Single by Mehrzad Marashi

from the album New Life
- Released: 18 April 2010
- Length: 3:01
- Label: Sony BMG
- Songwriter: Dieter Bohlen
- Producer: Dieter Bohlen

Mehrzad Marashi singles chronology
|  | "Don't Believe" (2010) | "Sweat (A La La La La Long)" (2010) |

= Don't Believe (song) =

"Don't Believe" is a song by German singer Mehrzad Marashi, the winner of the seventh season of Deutschland sucht den Superstar, the German version of Pop Idol. Written and produced by DSDS jury member Dieter Bohlen, it reached the top of the charts in Austria, Germany, and Switzerland and was later included on his debut album New Life (2010).

== Background ==
Dieter Bohlen initially wrote "Don't Believe" for Daniel Schuhmacher, the winner of the sixth season of Deutschland sucht den Superstar. It was expected to be released as Schuhmacher's second single following their collaboration on the number-one hit "Anything but Love" and the parent album The Album (2009). However, although Schuhmacher recorded the song, his version remained unreleased after Bohlen decided to discontinue his working relationship with him, and the track ultimately ended up in the vault before Bohlen later offered it to Mehrzad Marashi.
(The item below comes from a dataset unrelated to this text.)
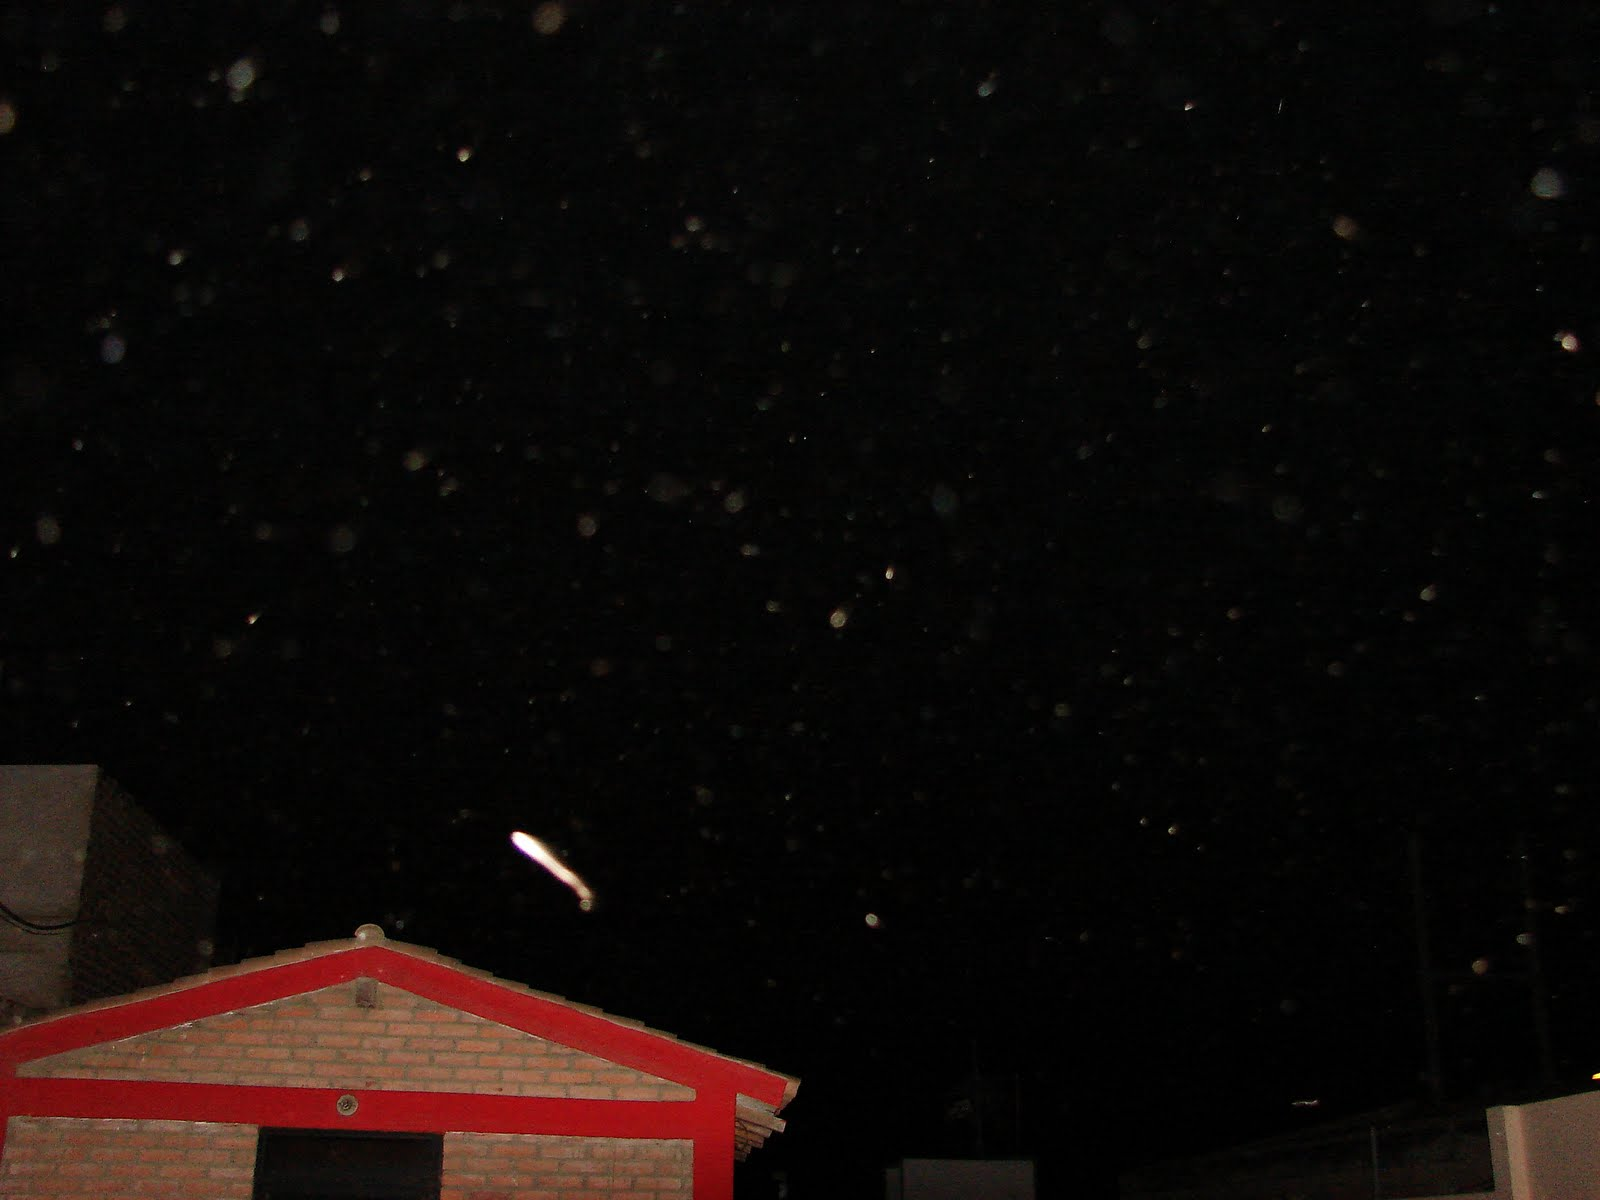 ATENCION.5-SEPTIEMBRE-6-7.8-0-10..2011 super avistamientos Ovni inmenso largo...sec ufo....

Schuhmacher later acknowledged that, although he liked the song, he had criticized its drum pattern, which contributed to a fallout with Bohlen.

== Chart performance ==
For the first time in the history of the Deutschland sucht den Superstar franchise, "Don't Believe" was made available for digital download immediately following the live broadcast. Within its first 24 hours of release, it achieved higher sales than any previous song issued from the series at that point. An immediate commercial success, the single sold more than 100,000 copies during its first five days of availability. The song subsequently reached number one on the singles charts in Germany, Austria, and Switzerland, while also topping the Luxembourg Digital Songs chart.

== Music video ==
A music video for "Don't Believe" was filmed over the course of one week in April 2010 in New York City. It premiered worldwide on BILD.de and the official RTL website. Throughout the video, Marashi performs at various locations across New York, featuring iconic landmarks such as the Statue of Liberty, the city skyline, and Rodeo Drive. Filming was delayed due to the eruptions of Eyjafjallajökull and the resulting disruptions to air travel.

== Track listings ==
- 2-Track Single
1. "Don't Believe" (Single Version) – 3:01
2. "Don't Believe" (Karaoke Version) – 3:01

== Charts ==

===Weekly charts===

Weekly chart performance for "Don't Believe"
| Chart (2010) | Peak position |
|---|---|
| Austria (Ö3 Austria Top 40) | 1 |
| Eurochart Hot 100 Singles (Billboard) | 6 |
| Germany (GfK) | 1 |
| Luxembourg Digital Songs (Billboard) | 1 |
| Switzerland (Schweizer Hitparade) | 1 |

===Year-end charts===

Weekly chart performance for "Don't Believe"
| Chart (2010) | Position |
|---|---|
| Austria (Ö3 Austria Top 40) | 25 |
| European Hot 100 Singles (Billboard) | 99 |
| Germany (GfK) | 13 |
| Switzerland (Schweizer Hitparade) | 66 |

==Certifications==

Certifications for "Don't Believe"
| Region | Certification | Certified units/sales |
| Germany (BVMI) | Gold | 150,000^{^} |
^{*} Sales figures based on certification alone. ^{^} Shipments figures based on certification alone.